Une relation déséquilibrée est donc toujours réciproque : c'est un rapport de force, dans lequel l'un des acteurs peut retirer plus et parfois beaucoup plus que l'autre, mais dans lequel le second n'est jamais entièrement démuni. Ce qui fait la puissance de l'un ou l'autre des acteurs engagés dans une relation de pouvoir est la multiplicité de possibilités d'action.
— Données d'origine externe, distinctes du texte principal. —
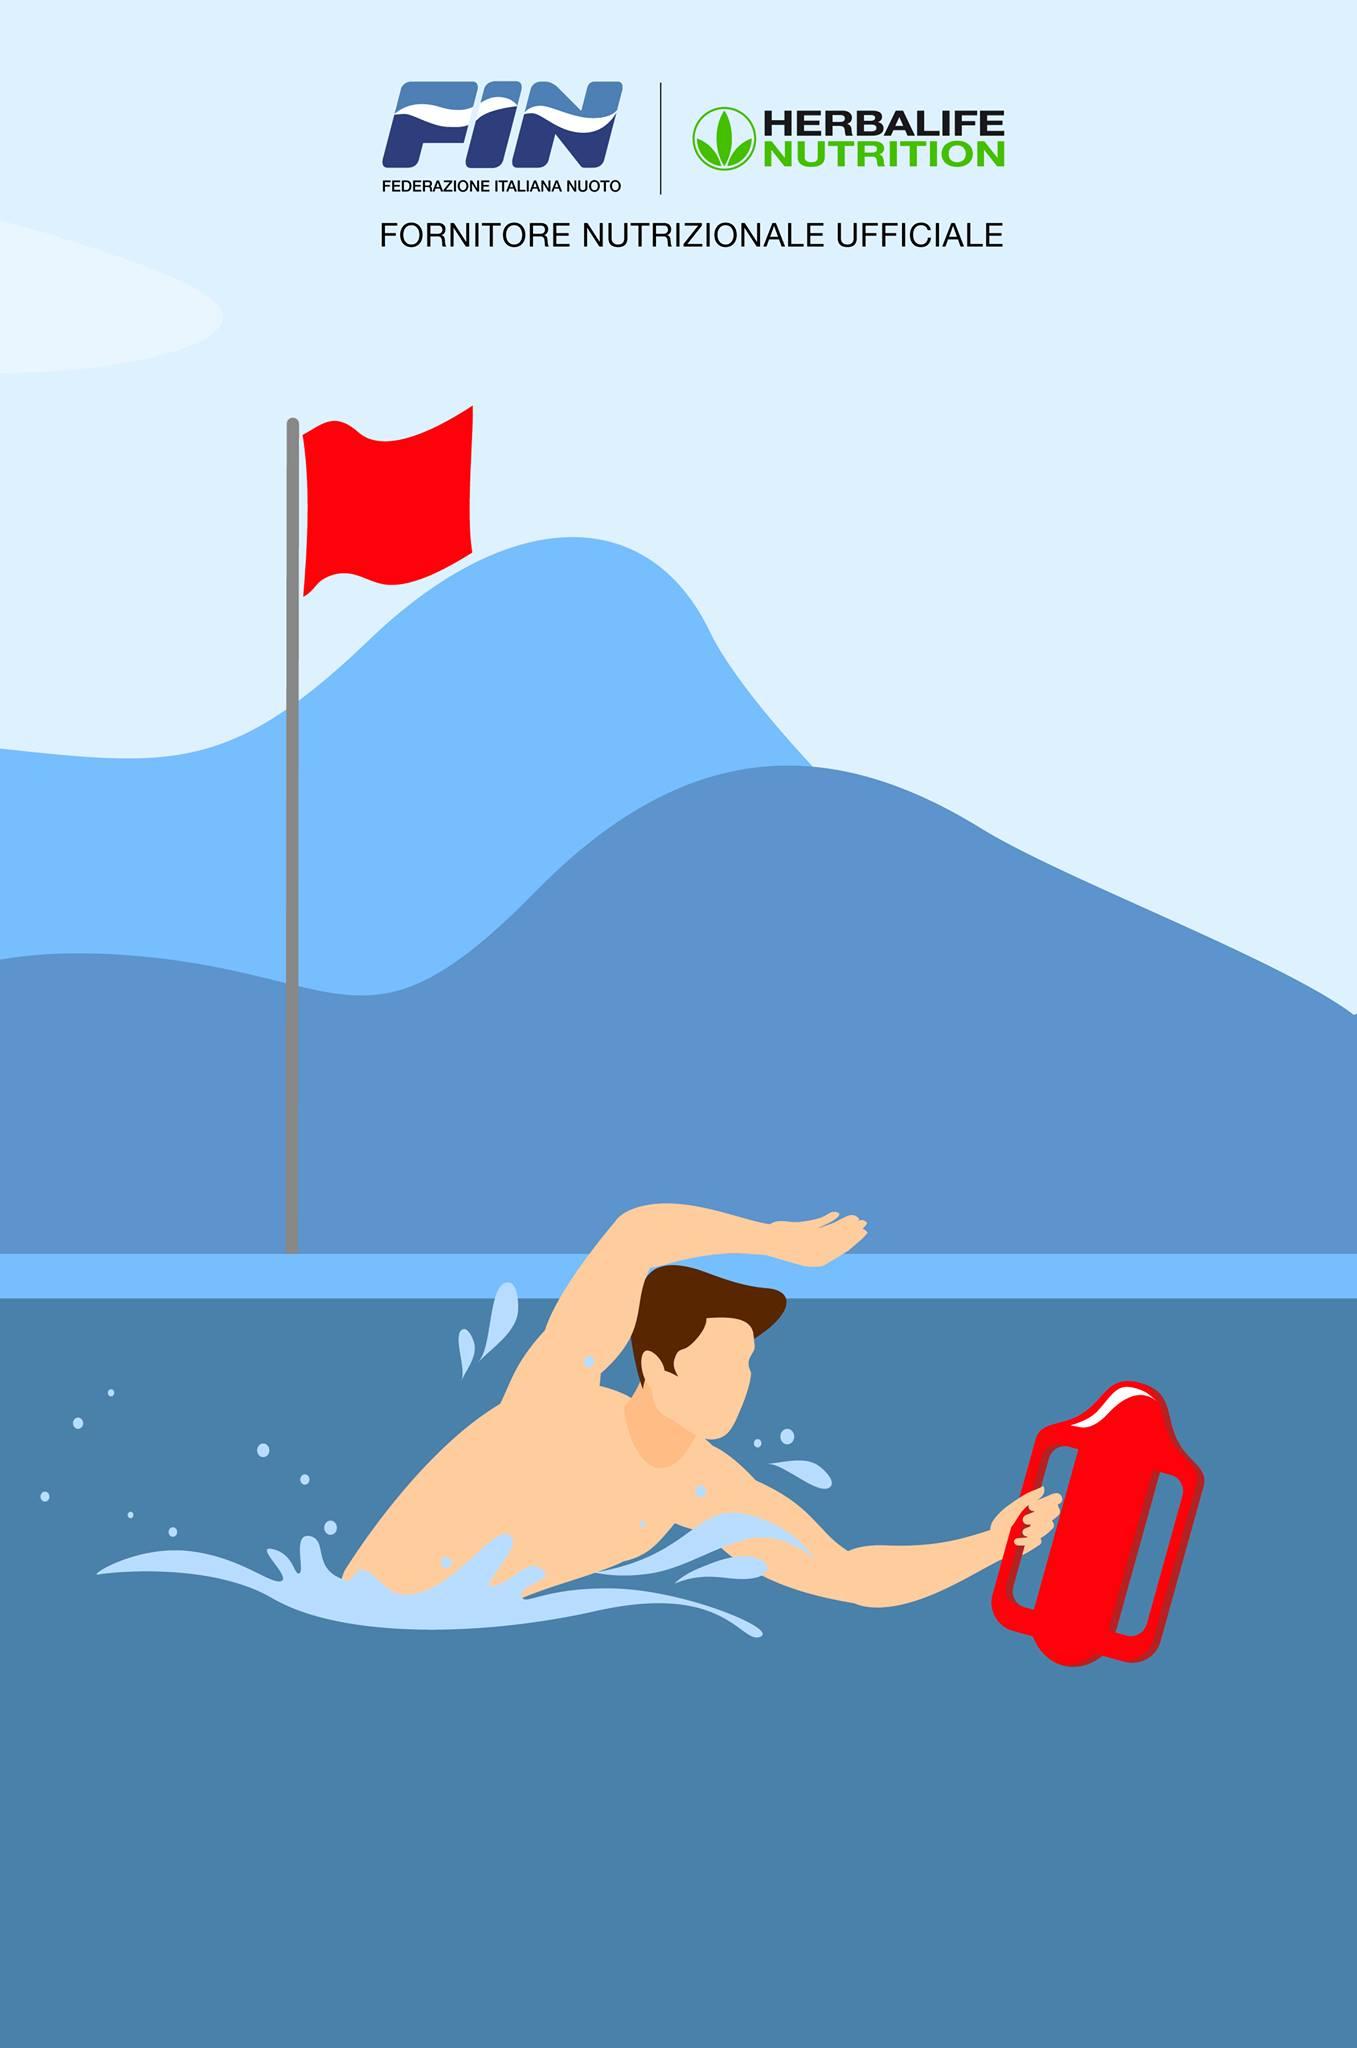 Sicurezza in Acqua & Federazione Italiana Nuoto

Plus un acteur est susceptible de marchander sa volonté d'accomplir l'acte attendu, ou encore, plus il lui est possible de conserver un comportement imprévisible et plus la relation de pouvoir est déséquilibrée en sa faveur.

Dans le cas des réhabilitations, les organismes HLM et les habitants peuvent se trouver dans des situations conflictuelles, par exemple s'ils ne souhaitent pas la même évolution de l'espace matériel, ou s'ils ne partagent pas la même conception de leur rôle ou de celui de l'organisme HLM. Ils vont alors mettre en œuvre des stratégies de négociation, dans lesquelles chacun utilise les ressources dont il dispose pour exercer son pouvoir, afin de contraindre le comportement de l'autre.

L'organisme dispose de moyens de contrainte directs qui reposent sur la loi (les travaux peuvent être imposés légalement), et en prenant l'initiative de mener et en dirigeant l'opération de réhabilitation, il produit un ensemble de représentations sur cette opération. Mais cette situation qui peut paraître très déséquilibrée en faveur de l'organisme ne doit pas faire oublier la nécessaire marge de manœuvre dont disposent les habitants. Ceux-ci, s'ils ne peuvent utiliser des moyens directs, peuvent user d'influence, en convainquant l'organisme d'agir selon leurs propres intérêts, ou encore construire, utiliser et partager un ensemble d'idées, d'opinions, ou de représentations collectives divergentes.

Le recours aux travaux menés sur les acteurs et les relations déséquilibrées de pouvoir permet ainsi de concevoir les rapports entre l'organisme et les habitants comme une relation générale déséquilibrée, et d'orienter l'analyse vers la recherche d'exercice d'autres formes de pouvoir que celle de domination et d'autorité, en étudiant en ce sens les comportements des habitants. Cette relation générale, avant, pendant et après la phase de travaux, prend une forme particulière lors de la phase de concertation : les organismes HLM considèrent qu'il peut être entre dans leur intérêt ou dans leurs valeurs de prendre en compte les souhaits des habitants, et offrent ainsi aux habitants de nouvelles conditions d'influence.

Cette participation des habitants aux projets visant à améliorer leur cadre de vie est une forme de négociation organisée particulière, utilisée depuis longtemps dans des situations différentes et dont la mise en œuvre a fait l'objet de nombreux travaux d'analyse. Les relations entre les organismes HLM et les habitants lors de la concertation élaborée par les organismes HLM peuvent ainsi être replacées dans ce contexte particulier.